Mr. Obama has promised to close the detention facility at the U.S. Naval Base Guantanamo Bay, Cuba, and end the war trials.

Mohammed has mentioned that he welcomed his execution as a path to martyrdom. Army Col. Stephen Henley, the judge in the case, asked all five if they were prepared to enter a plea, and all five said yes.

Judge Henley, however, said competency hearings for two of the detainees precluded the other three from immediately filing pleas.

“We want everyone to plead together,” said Mohammed, who wore a long, white beard.

The judge read aloud in court a letter written by the five defendants in which they requested “an immediate hearing session to announce our confessions,” the Associated Press reported.

The letter implies that they want to plead guilty, but does not specify whether they will admit to any specific charges. It also says they wish to drop all previous defense motions.

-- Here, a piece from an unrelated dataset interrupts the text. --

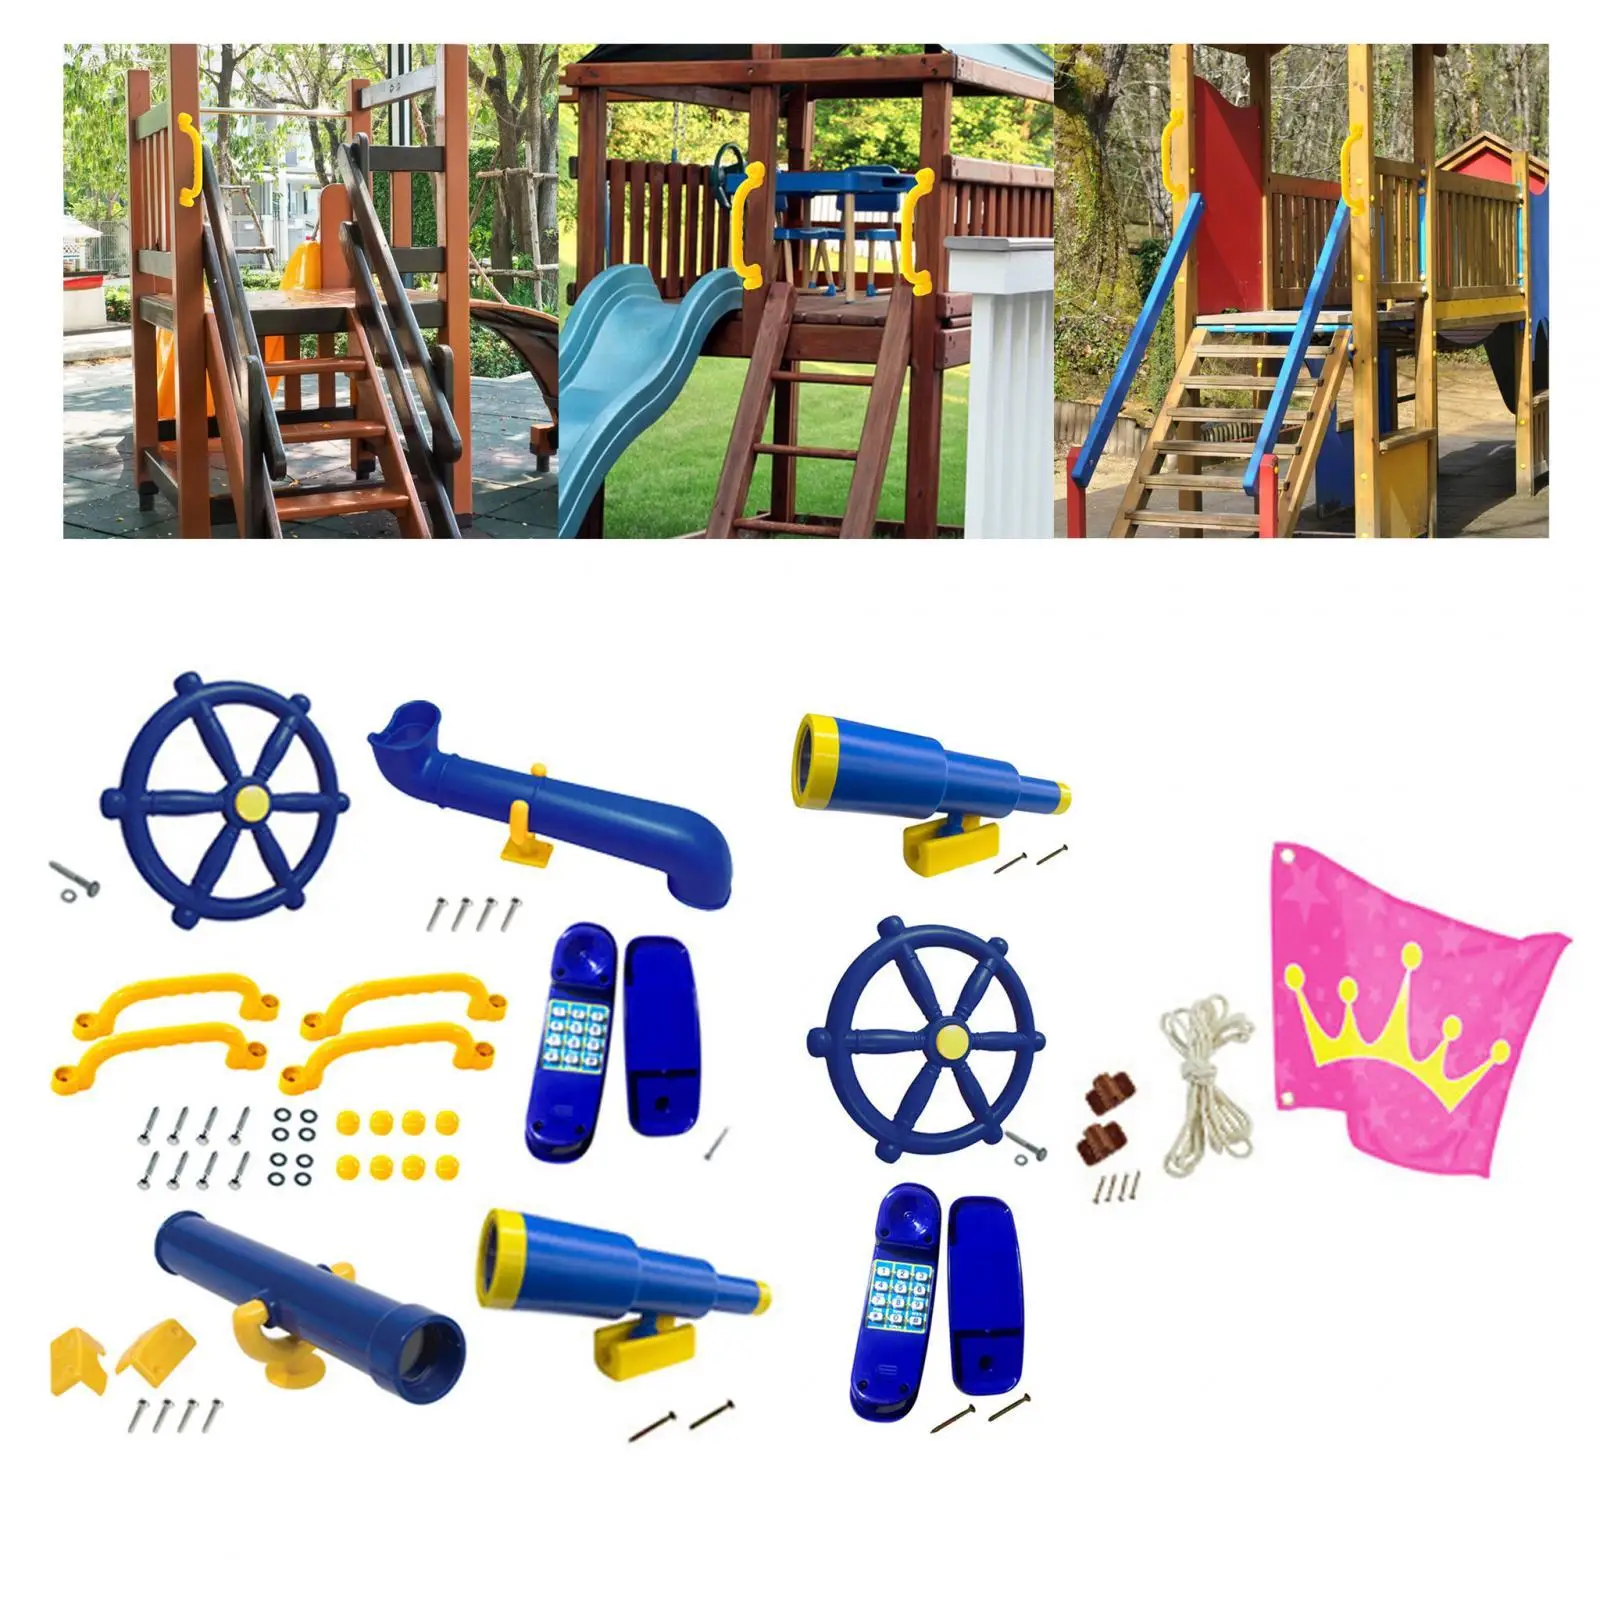 Playground Accessories Outdoor Games Toys Swing Set Attachments Outdoor Playset for Backyard Play House Swingset Outdoor

Mohammed, who was one of three high-ranking terrorists waterboarded by the CIA and has admitted being the mastermind behind the attacks, said Monday that he did not trust the judge or his Pentagon-appointed lawyers. He went on to include President Bush among those he didn’t trust.

“I don’t trust you,” Mohammed said in English during the hearing.

Mr. Obama has publicly stated that he opposes the military commissions, as the trials at Guantanamo are referred to. The president-elect has said he will close the detention center holding about 250 men.

Jeffrey Addicott, director for the Center for Terrorism Law at St. Mary’s University in San Antonio, Texas, said closing Guantanamo Bay would create a public-relations disaster for the United States and present the country with logistical problems of what to do with dozens of detainees.

Military officials allowed a group of relatives from some of the 2,973 people killed Sept. 11 to attend the proceedings at the prison.

Alice Hoagland of Redwood Estates, Calif., whose son, Mark Bingham, was killed when United Flight 93 crashed in a rural area of Pennsylvania, told the Associated Press that the confession was like a “bombshell” to her.

Mrs. Hoagland said she hoped Mr. Obama, whom she described as “even-minded” and “just,” would punish the five terrorists.

“The U.S. is doing its best to prove to the world that this is a fair proceeding,” Hamilton Peterson of Bethesda, whose parents Donald and Jean were on Flight 93, told the AP.

“It was stunning to see today how not only do the defendants comprehend their extensive rights … they are explicitly asking the court to hurry up because they are bored with the due process they are receiving.”